TajPersLexon: A Tajik-Persian Lexical Resource and Hybrid Model for Cross-Script Low-Resource NLP
This work provides a new resource and benchmark for low-resource Tajik-Persian NLP, but the task is shown to be essentially solvable with existing methods.
The paper introduces TajPersLexon, a Tajik-Persian lexical resource of 40,112 pairs, and benchmarks methods for cross-script lexical retrieval, achieving 98-99% top-1 accuracy with neural and retrieval baselines, while a hybrid model reaches 96.4% accuracy in an OCR post-correction task.
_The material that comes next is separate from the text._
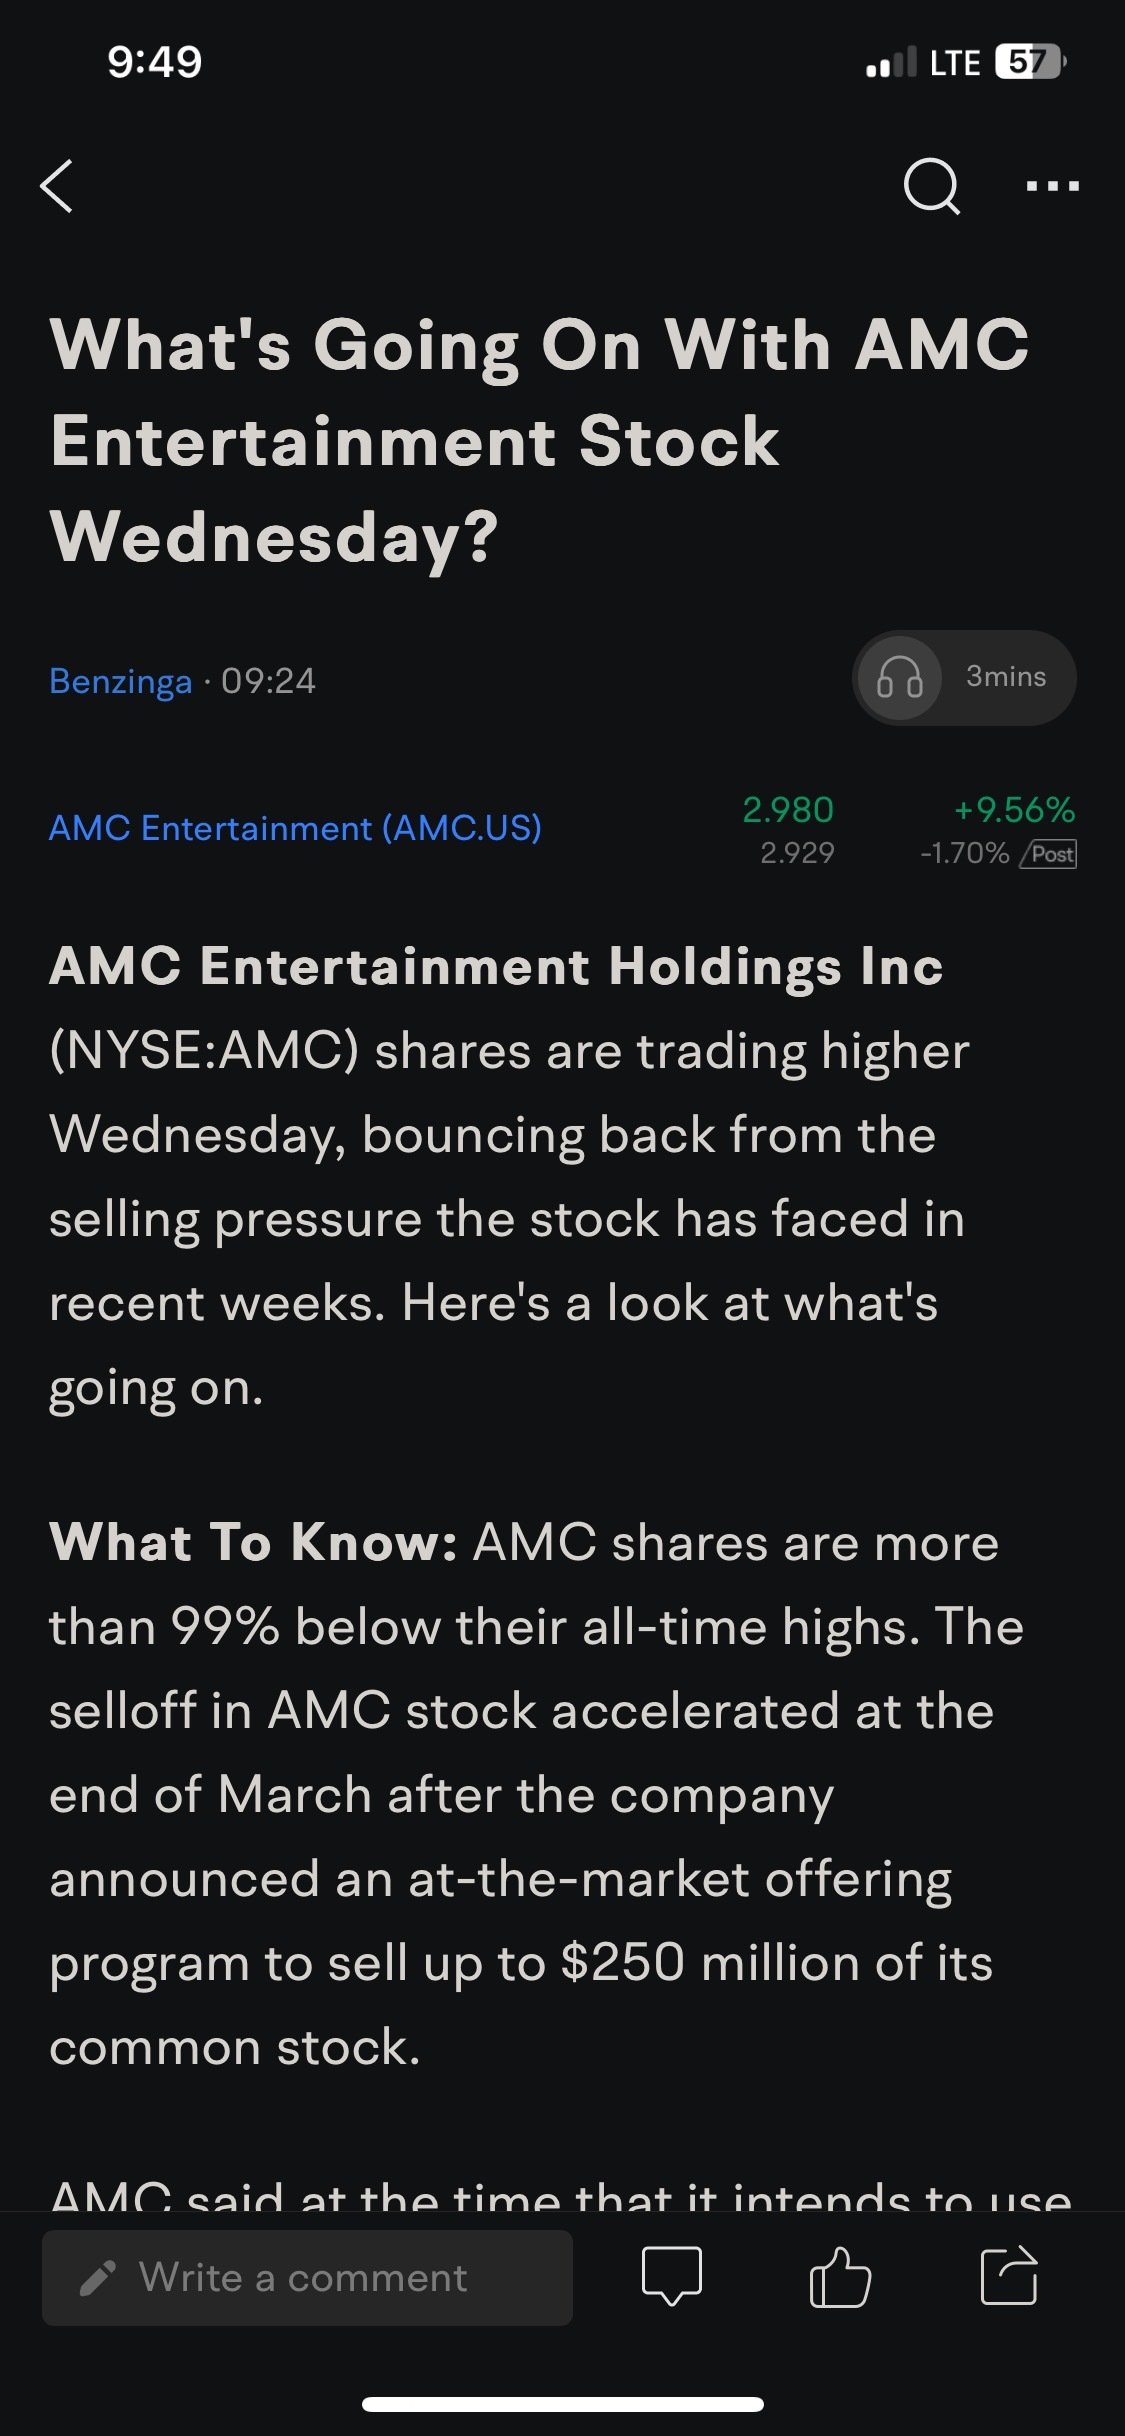 $AMC院線 (AMC.US)$ 完全不偏見的 Benzinga，在完全公正的新聞報導中提供如何簡報 AMC 股票週三發生了什麼情況的中段。在任何其他股票故事中，不會看到它們如此「有幫助」。

This work introduces TajPersLexon, a curated Tajik--Persian parallel lexical resource of 40,112 word and short-phrase pairs for cross-script lexical retrieval, transliteration, and alignment in low-resource settings. We conduct a comprehensive CPU-only benchmark comparing three methodological families: (i) a lightweight hybrid pipeline, (ii) neural sequence-to-sequence models, and (iii) retrieval methods. Our evaluation establishes that the task is essentially solvable, with neural and retrieval baselines achieving 98-99% top-1 accuracy. Crucially, we demonstrate that while large multilingual sentence transformers fail on this exact lexical matching, our interpretable hybrid model offers a favorable accuracy-efficiency trade-off for practical applications, achieving 96.4% accuracy in an OCR post-correction task. All experiments use fixed random seeds for full reproducibility. The dataset, code, and models will be publicly released.